I think some nasty bug lured to Duplicati…

I think is that it reads files which is not supposed, because they are not in backup set.

Second is, that reading some system files (again not in backup set) are causing UnauthorizedAccessExceptions.

System.UnauthorizedAccessException: (5) Access denied: [\?\GLOBALROOT\Device\HarddiskVolumeShadowCopy21\System Volume Information\21{3808876b-c176-4e48-b7ae-04046e6cc752}]
v Alphaleonis.Win32.NativeError.ThrowException(UInt32 errorCode, String readPath, String writePath)
v Alphaleonis.Win32.Filesystem.File.CreateFileCore(KernelTransaction transaction, String path, ExtendedFileAttributes attributes, FileSecurity fileSecurity, FileMode fileMode, FileSystemRights fileSystemRights, FileShare fileShare, Boolean checkPath, PathFormat pathFormat)
v Alphaleonis.Win32.Filesystem.File.OpenCore(KernelTransaction transaction, String path, FileMode mode, FileSystemRights rights, FileShare share, ExtendedFileAttributes attributes, Nullable`1 bufferSize, FileSecurity security, PathFormat pathFormat)
v Duplicati.Library.Snapshots.SystemIOWindows.FileOpenRead(String path)
v Duplicati.Library.Main.Operation.Backup.FileBlockProcessor.<>c__DisplayClass1_0.<b__0>d.MoveNext()
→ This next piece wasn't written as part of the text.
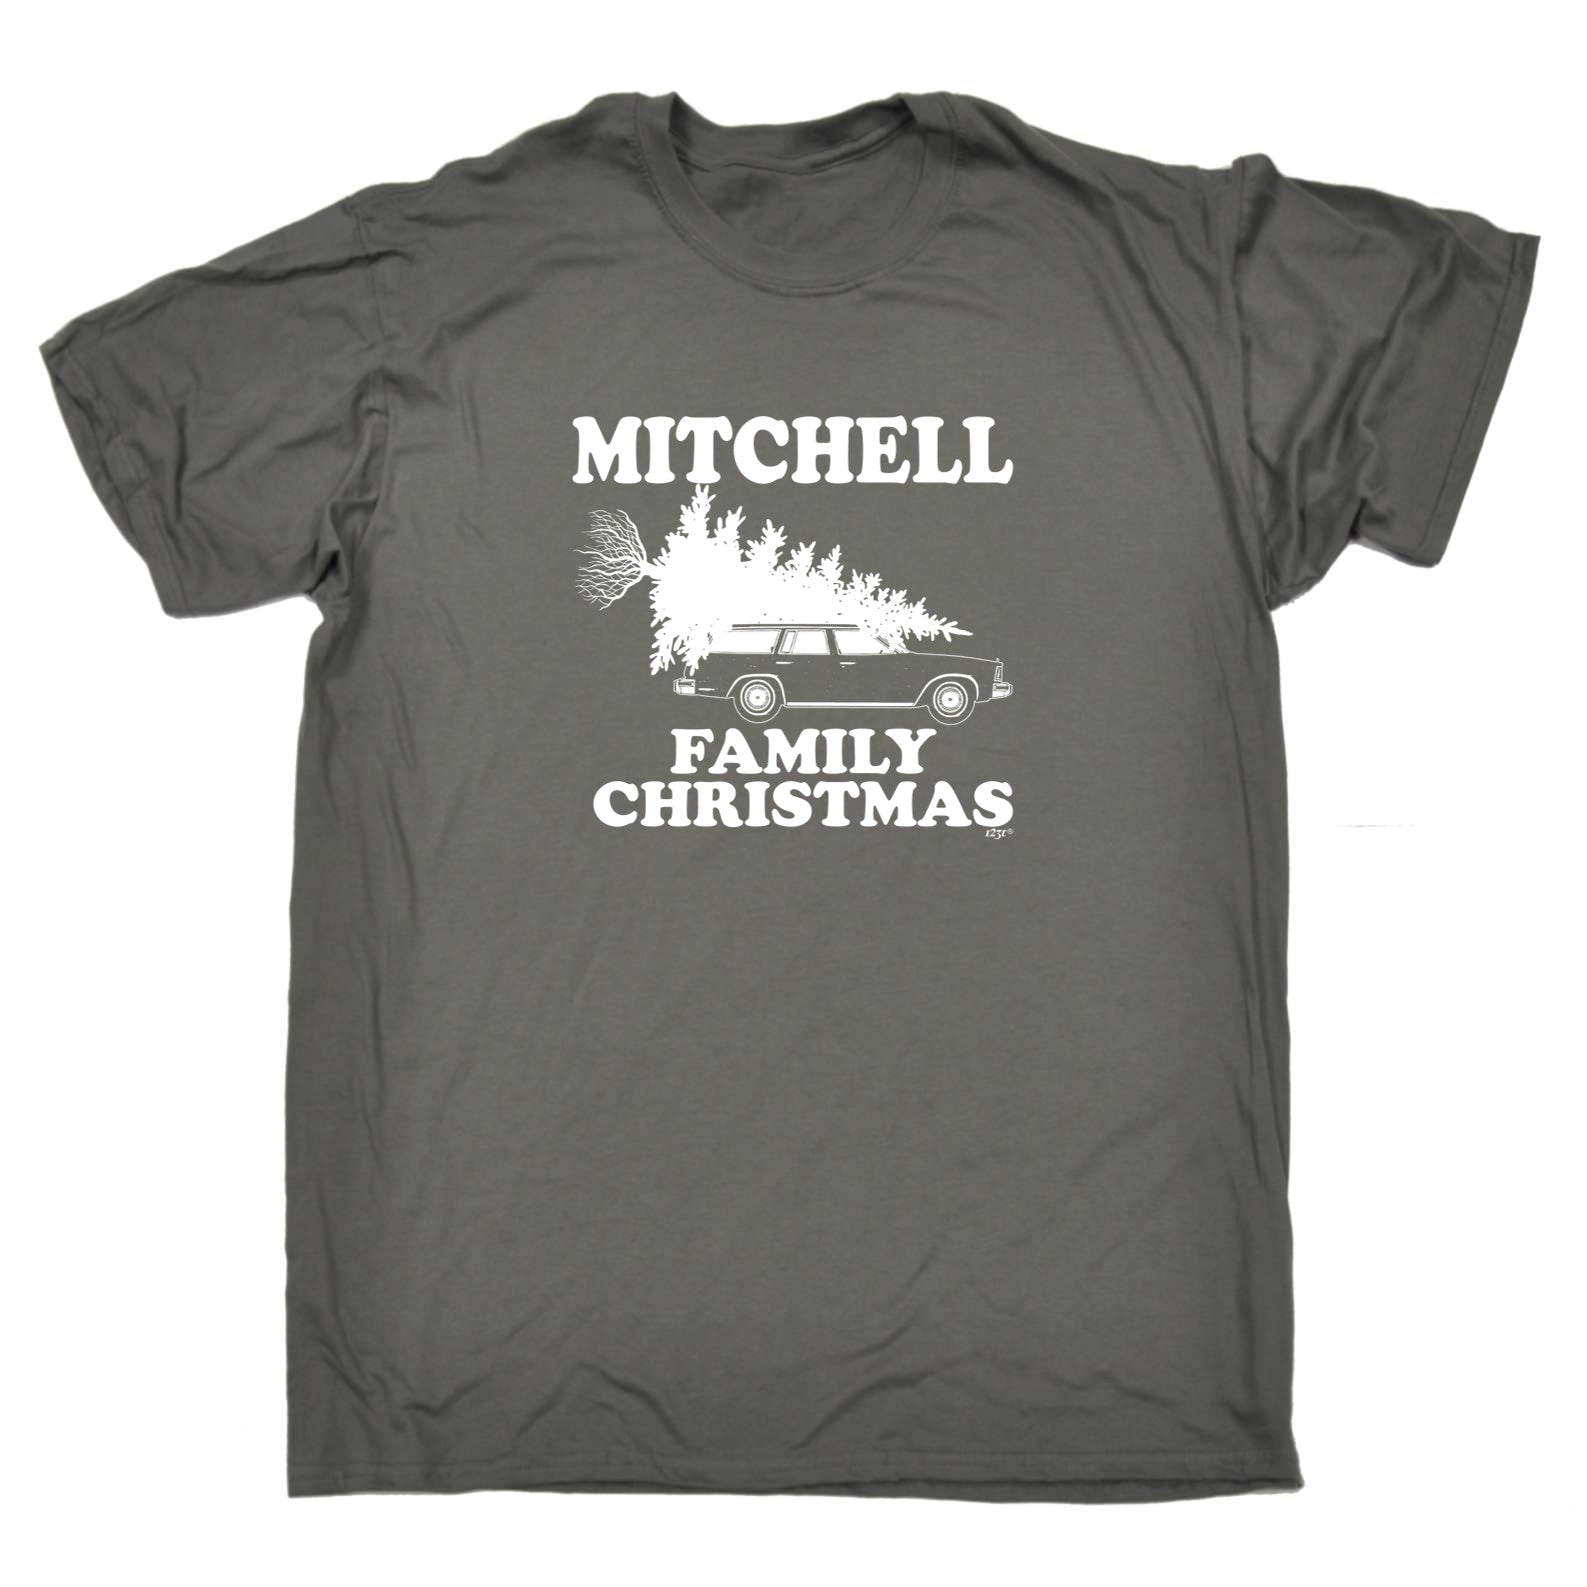 Family Christmas Mitchell - Mens Funny T-Shirt Tshirts

I‘m using Duplicati as a windows service under Windows 7 and have updated from 2.0.3.5 to 2.0.3.8 on 30.6.2018 and to 2.0.3.9 on 2.7.2018. The backup job is performed with --snapshot-policy=on.

Since then I have seen the phenomenon of negative numbers at the progress bar described here:

What is worse, however, is that data has been backed up that is not in backup sources. Now there are tons of useless GB in the backup set. :frowning:

Questions:

  1. How can I safely rollback to 2.0.3.5?
  2. Can the data that should not be backed up be deleted from the backup set? The file paths are known.

Thanks for reporting what you are seeing - and entering the GitHub issue!

I’m using 2.0.3.9 and not running into this issue, is it possible you’ve got a symlink or something in one of your included folders that points to your drive root?

This How-To topic should cover downgrading:

Yes, but there are some things you should be aware of such as unless you adjust other settings it’s likely a large compacting will happen (meaning lots of downloads, re-compress, uploads) so if you’re on a bandwidth limited connection or provider you may not want to do that.

Also, if you have a retention policy in place that might (depending on settings) automatically take care of the cleanup once the wrongly included files are no longer being included.

I’m curious, can you share some of what paths were included unexpectedly with 2.0.3.8 / 2.0.3.9 but NOT with 2.0.3.5? It’s possible some default exclude code got screwed up at some point so identifying that would be good.

Thanks for the link. Unfortunately the database version has changed, so the downgrade fails. :frowning: I’m back to 2.0.3.9 and have deactivated the backup until the problem is solved.

My --retention-policy is “7D:1h,3M:1D,1Y:1W,10Y:1M”. So I think the unwanted data will stay in the backup for 10 years, right?

My Backup-Paths are:
“C:\Users\Jens\”
“D:\Users\Jens\”
“C:\totalcmd\”
“D:\ablage\”
“D:\old_d\”

I have several -exclude parameters for filtering files and directories. But the hole backup configuration has remained unchanged for weeks. Now the backup has processed directories like “c:\windows” “d:\virtual machines” and so on, which are not included in the above backup paths.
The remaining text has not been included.